EXERCISE DESCRIPTION: Each line in the material below, starting at the one with "На Львівщині поліцейські" and ending at the one with "صورة أرشيفية للملك", is to be reproduced exactly; no picture is to be copied.

DATASET EXTRACT:
-.-.-

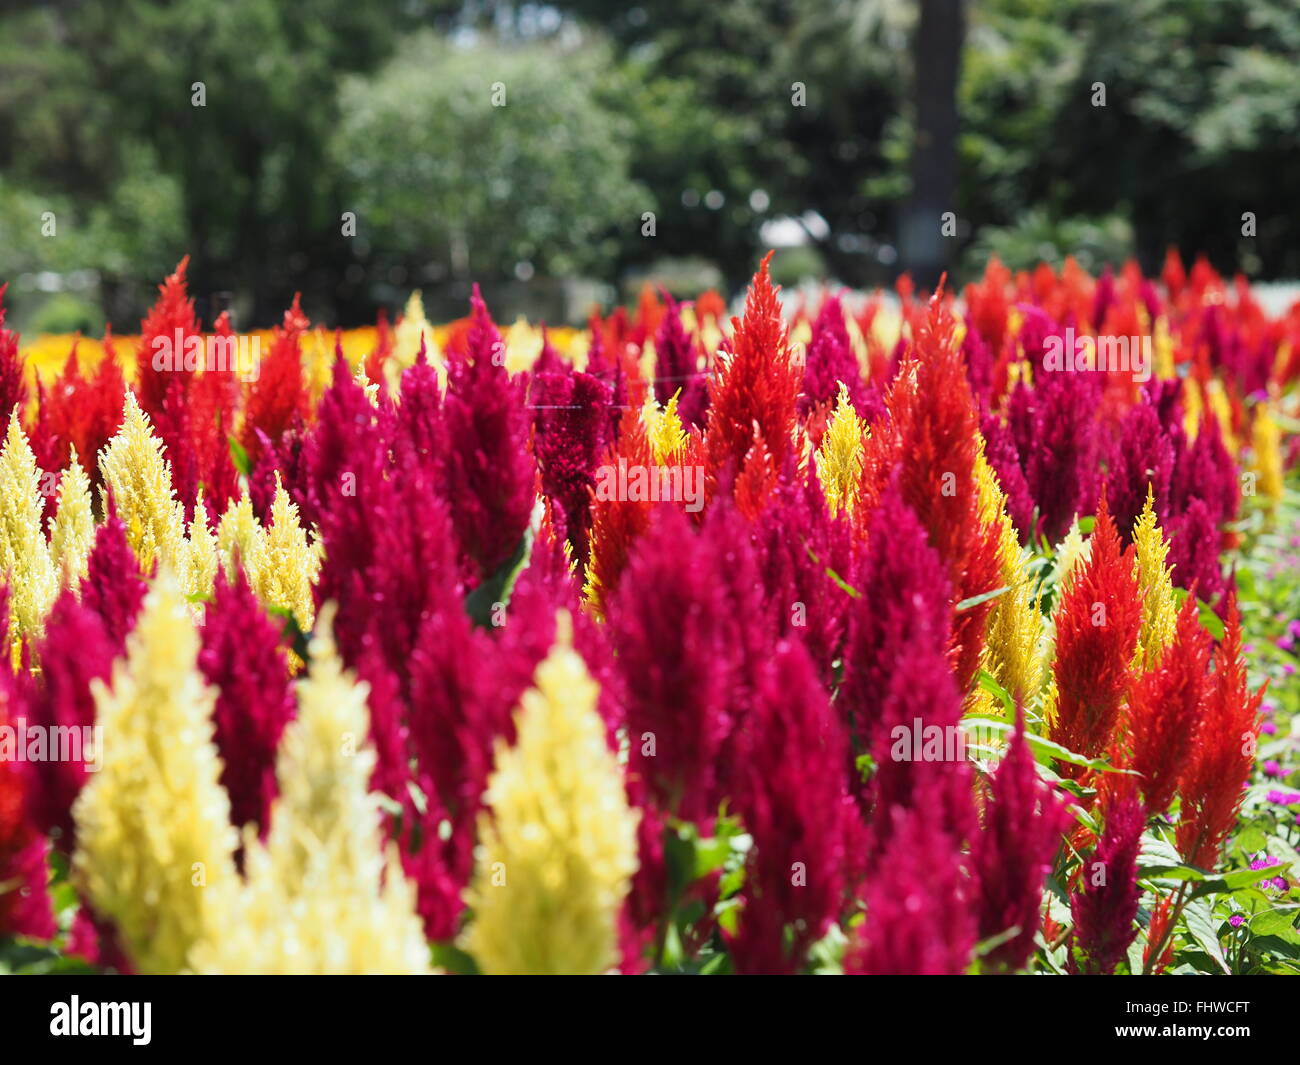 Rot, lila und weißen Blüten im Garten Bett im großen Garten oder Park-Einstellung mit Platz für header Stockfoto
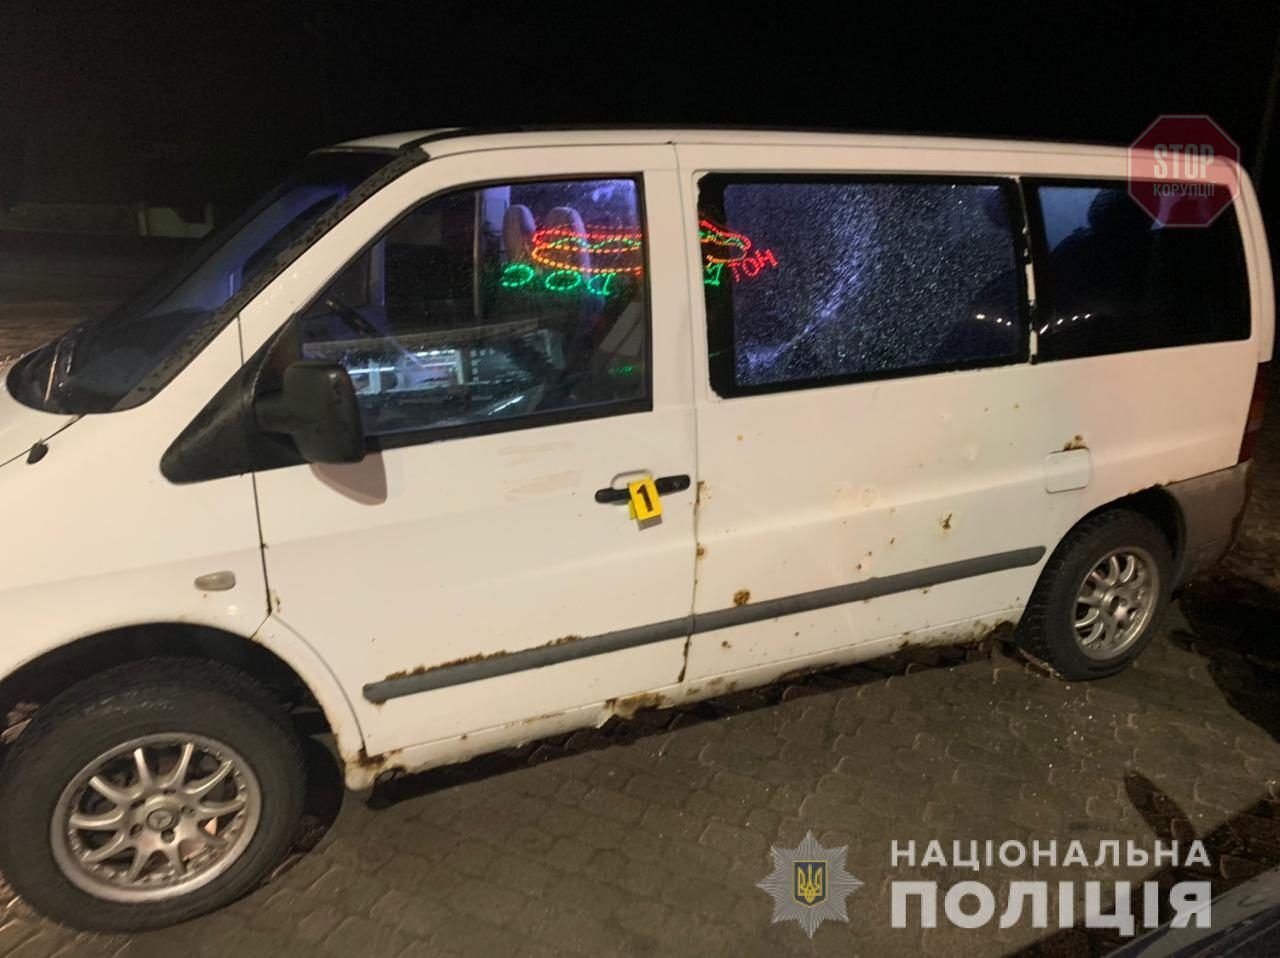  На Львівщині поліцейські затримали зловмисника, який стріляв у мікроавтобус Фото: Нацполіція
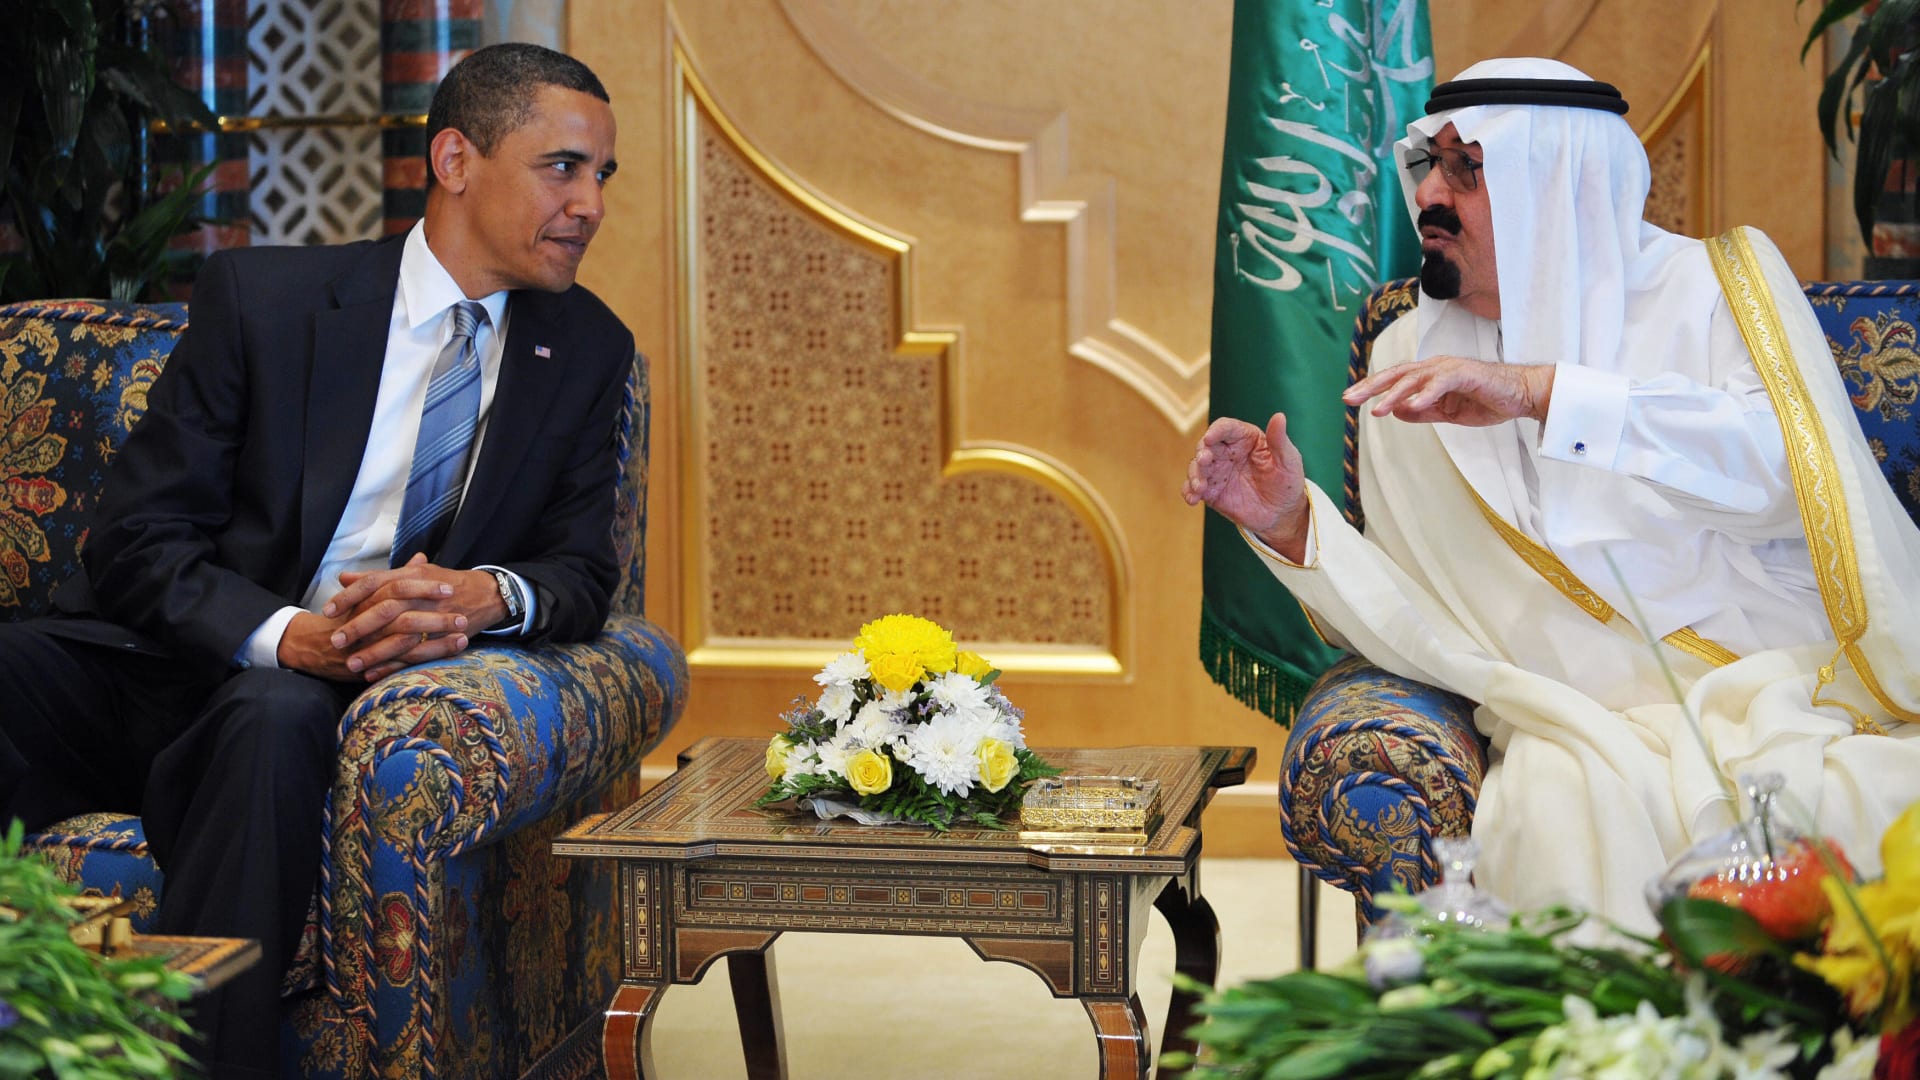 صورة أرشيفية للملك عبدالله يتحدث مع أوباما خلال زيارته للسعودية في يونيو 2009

-.-.-

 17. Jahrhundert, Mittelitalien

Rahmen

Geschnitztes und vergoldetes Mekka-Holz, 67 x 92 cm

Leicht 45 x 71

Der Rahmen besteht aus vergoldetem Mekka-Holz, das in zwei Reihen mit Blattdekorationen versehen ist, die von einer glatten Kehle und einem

-.-.-

RESPONSE TO THE TASK:
  На Львівщині поліцейські затримали зловмисника, який стріляв у мікроавтобус Фото: Нацполіція
 صورة أرشيفية للملك عبدالله يتحدث مع أوباما خلال زيارته للسعودية في يونيو 2009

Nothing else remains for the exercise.